__WHAT IS EXPECTED__
Your answer must be the data repeated exactly, with no pictures in it.

__DATA BELOW__
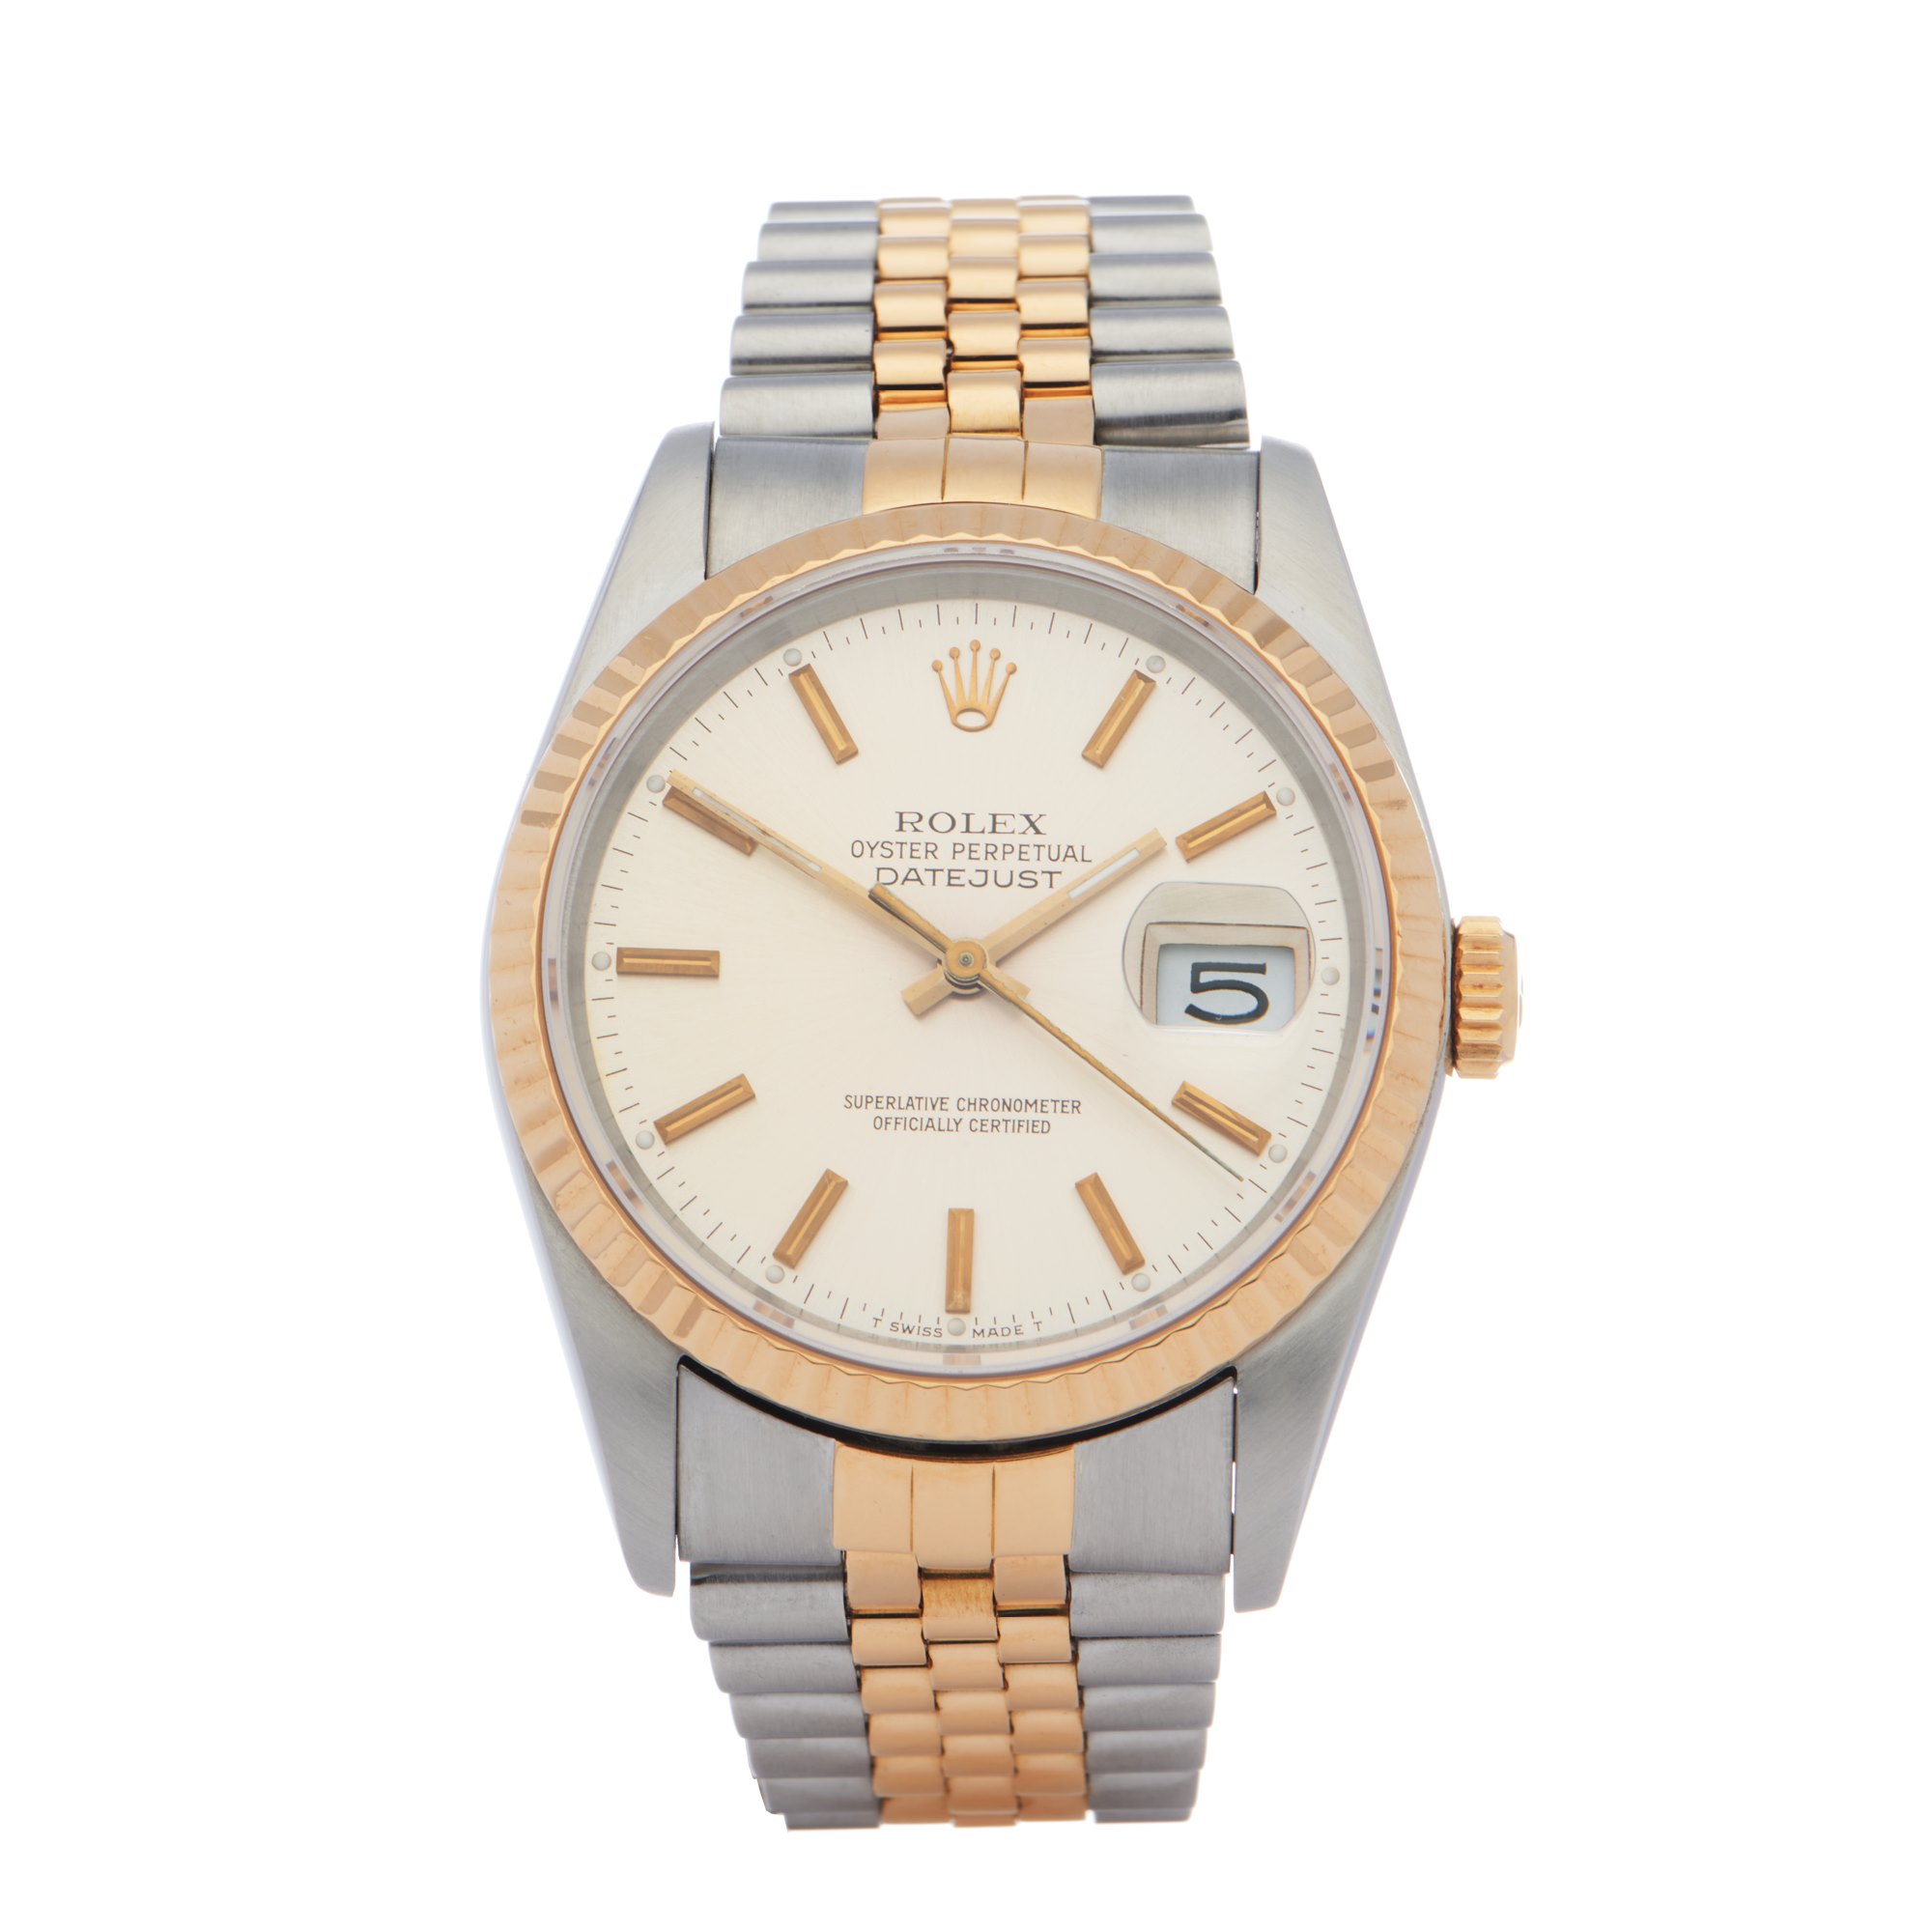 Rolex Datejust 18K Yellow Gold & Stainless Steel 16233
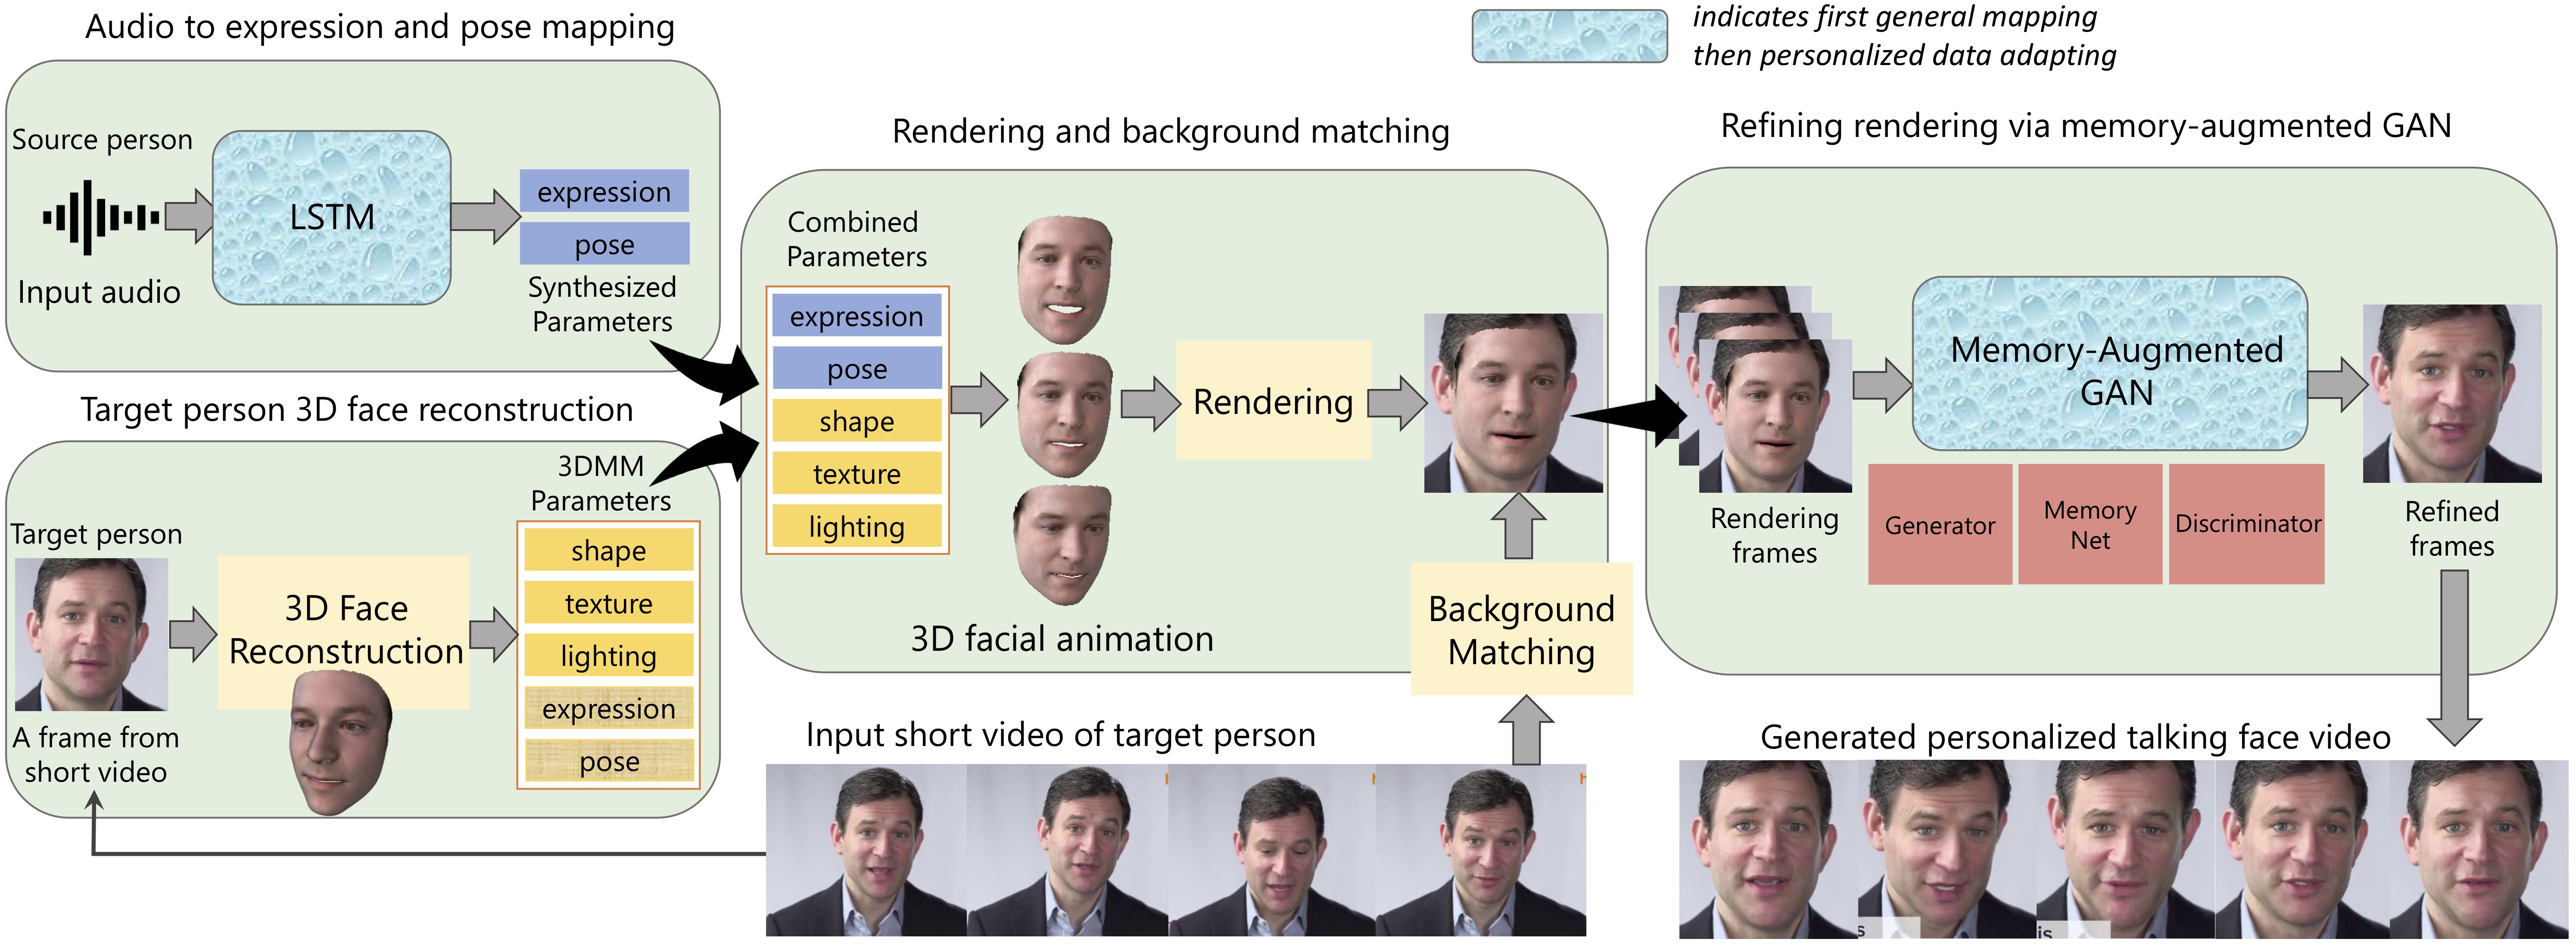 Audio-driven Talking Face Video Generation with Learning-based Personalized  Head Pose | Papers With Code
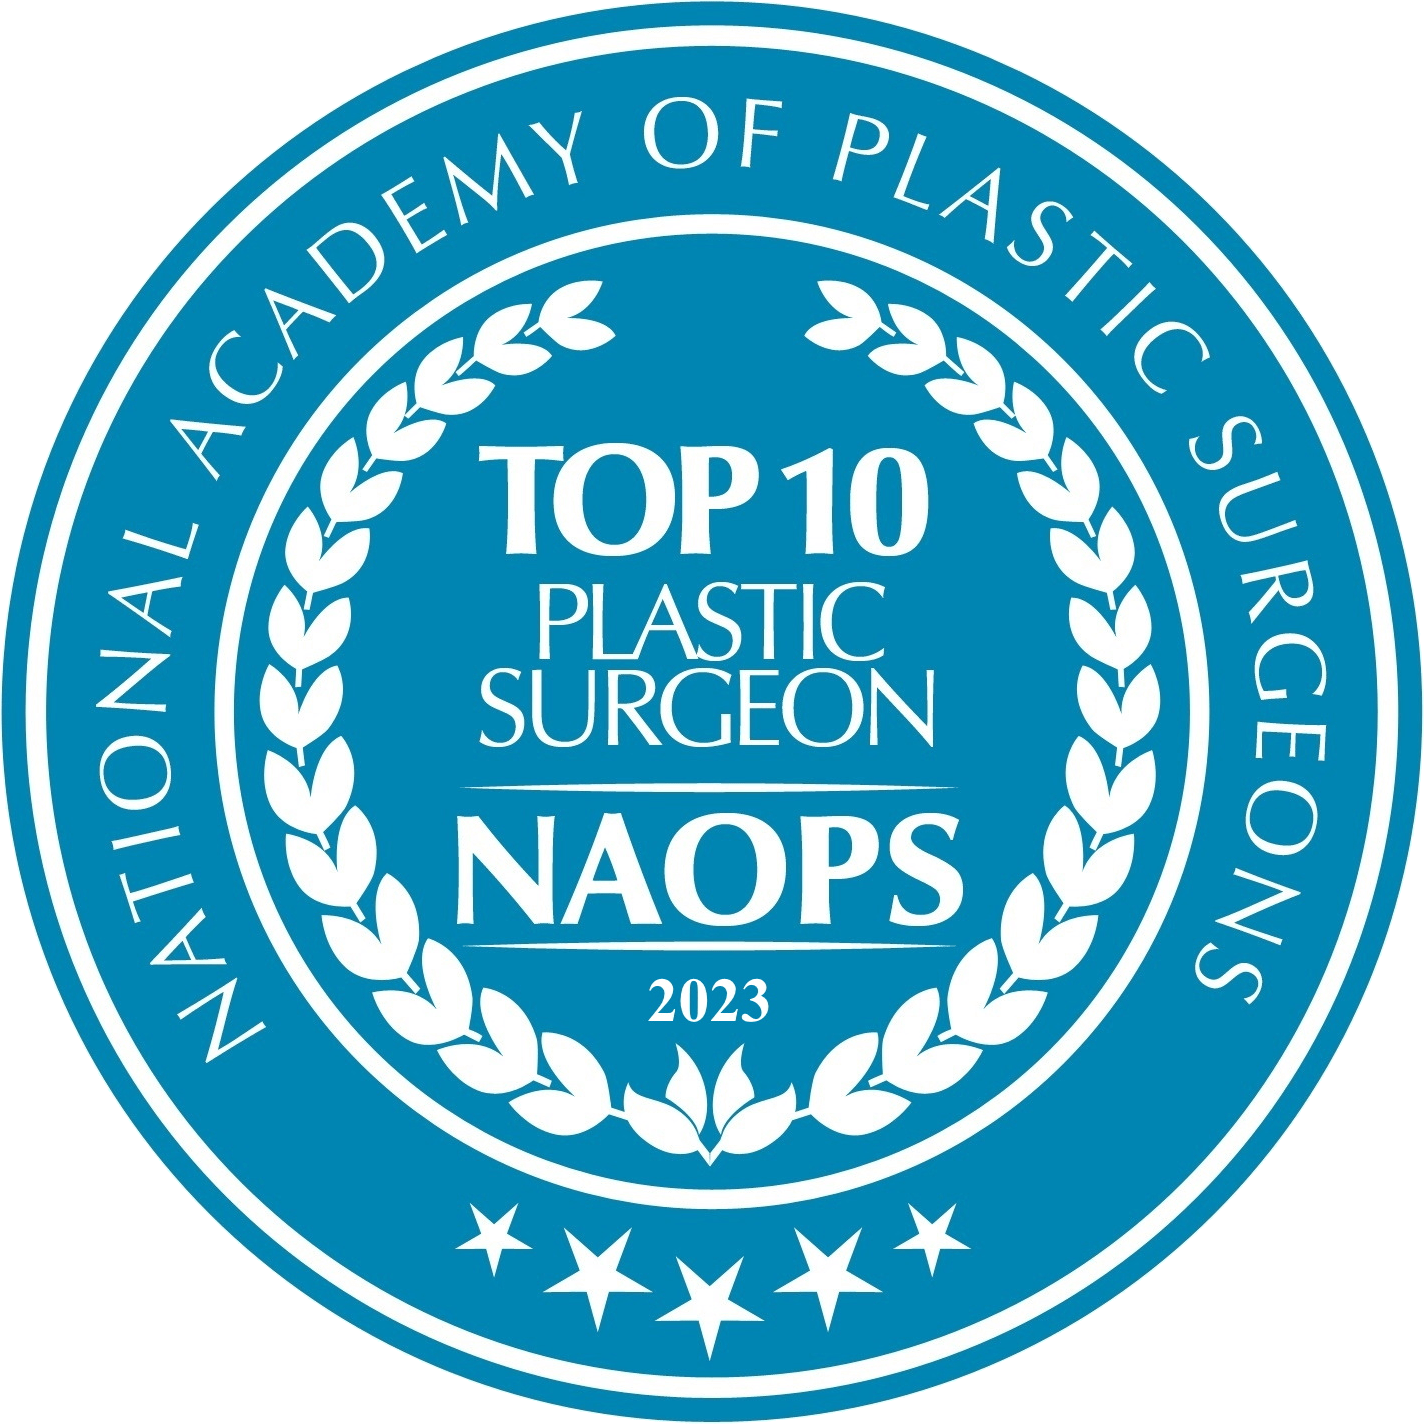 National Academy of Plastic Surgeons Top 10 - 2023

__TASK RESULT__
 Rolex Datejust 18K Yellow Gold & Stainless Steel 16233
 Audio-driven Talking Face Video Generation with Learning-based Personalized  Head Pose | Papers With Code
 National Academy of Plastic Surgeons Top 10 - 2023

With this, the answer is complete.